Helianthus tomentosus Michx.

Helianthus tuberosus L. var. subcanescens A. Gray

Jerusalem artichoke, sunroot, sunchoke, earth apple, topinambour

KingdomPlantaePlants, but not fungi, lichens, or algae
SubkingdomTracheobiontaVascular plants—plants with a “circulatory system” for delivering water and nutrients
DivisionMagnoliophytaFlowering plants, also known as angiosperms
ClassMagnoliopsidaDicotyledons—plants with two initial seed leaves
SubclassAsteridaeA large class that encompasses asters
OrderAsteralesFlowering plants with a central disk flower and surrounding petals, like daisies
FamilyAsteraceaeThe aster family, which also includes daisies and sunflowers; from the Greek ἀστήρ, “star,” for the star-shaped flowers
GenusHelianthusFrom Greek helios, “sun,” and anthos, “flower,” because it was believed that sunflowers turn to follow the sun
Speciestuberosus“With tubers” (tubers are enlarged areas on the roots that store energy for the plant)

About plant names...

Jerusalem artichokes aren’t from Jerusalem, they’re from eastern North America.

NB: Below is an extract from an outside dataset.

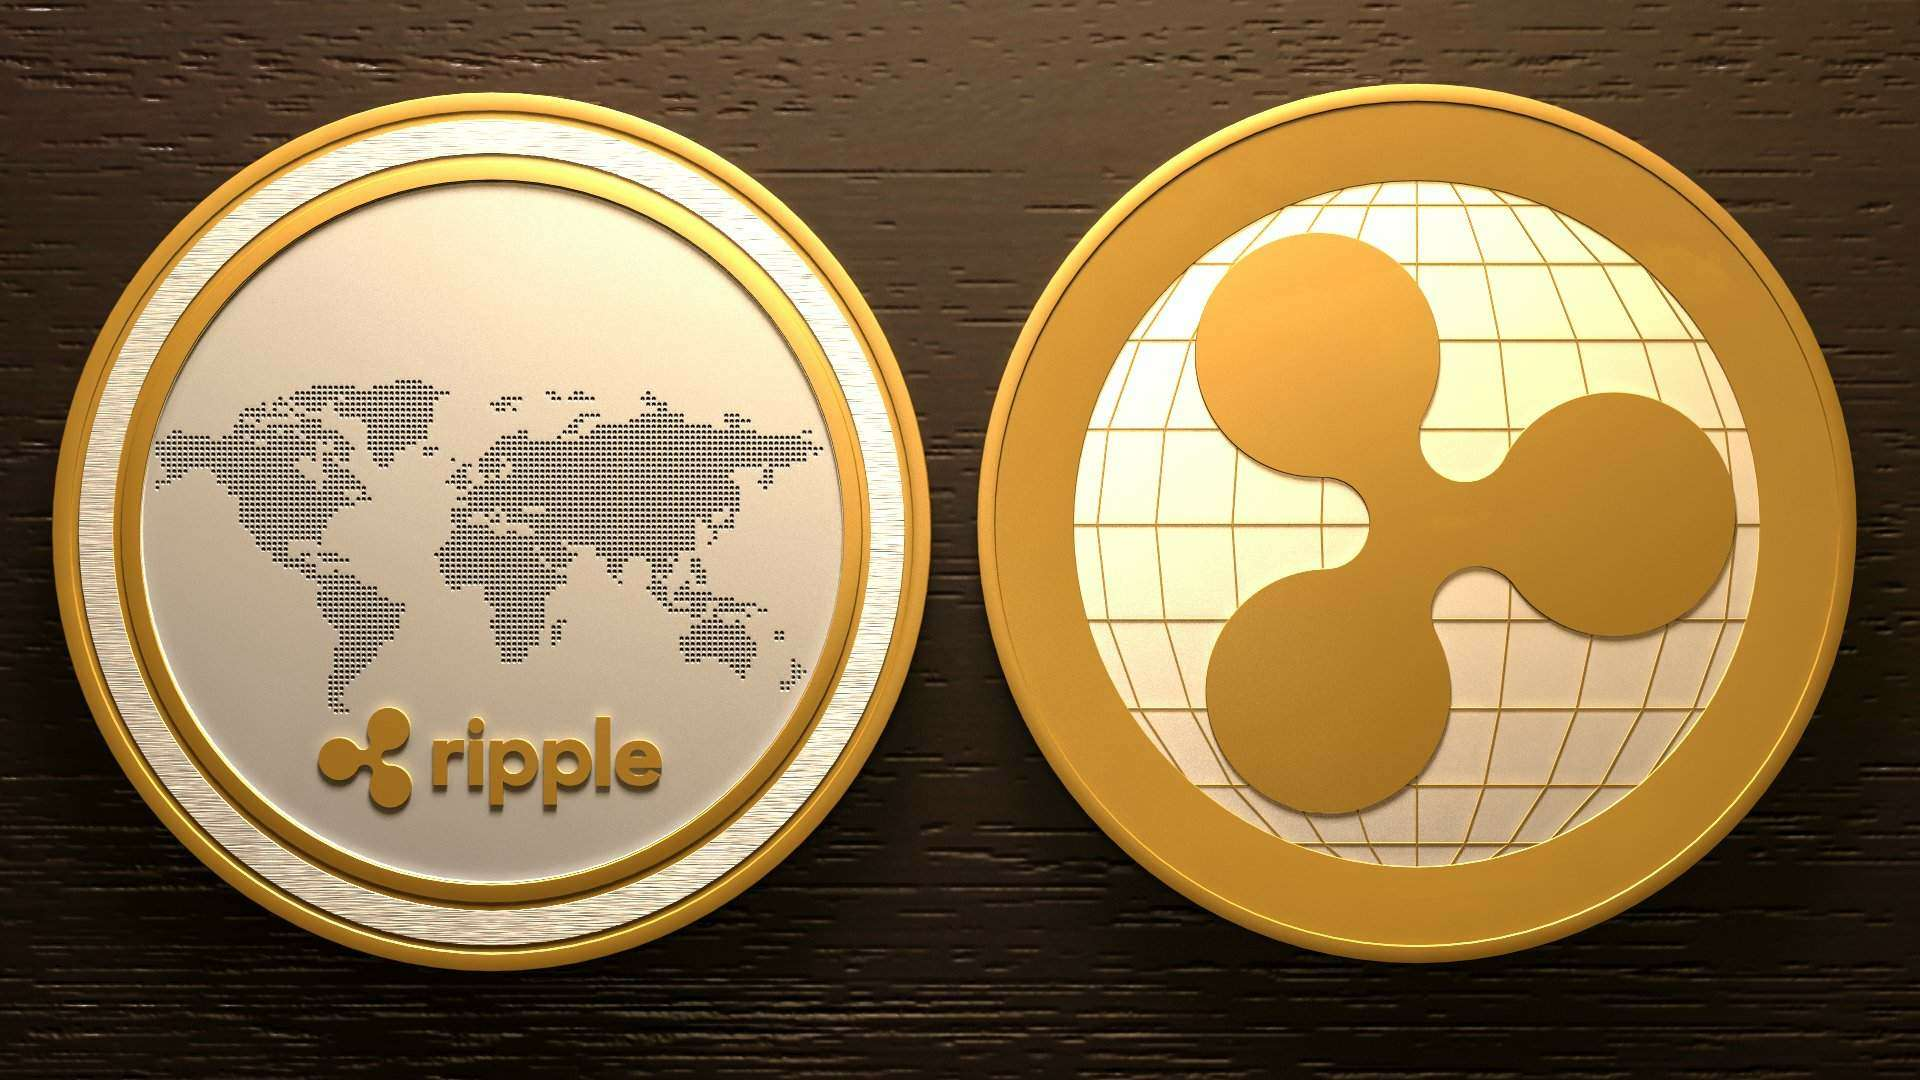 Ripple(リップル) Rippled Coindelta cointal

They aren’t artichokes either—they are members of the sunflower family. The rather odd name is probably a mangled version of the Italian girosole articiocco, or “sunflower artichoke,” a name which makes more sense, since the roots’ taste is often likened to that of artichokes.

Identification: Plants are 5-9½' (1.5-3 m) tall, with hairy stems. On the lower part of the stem, leaves are opposite, but they are alternate higher up. Leaves are up to 12" (30 cm) × 8" (20 cm) wide near the base of the plant, becoming narrower (more lanceolate) near the top. Leaf edges have coarse and uneven serrations, and leaves are very rough. Flowerheads are 3-4" (7.6-10 cm) across, with a dark yellow central disk flower and 10-20 bright yellow rays or petals. The bracts below the flowers have a characteristic shape.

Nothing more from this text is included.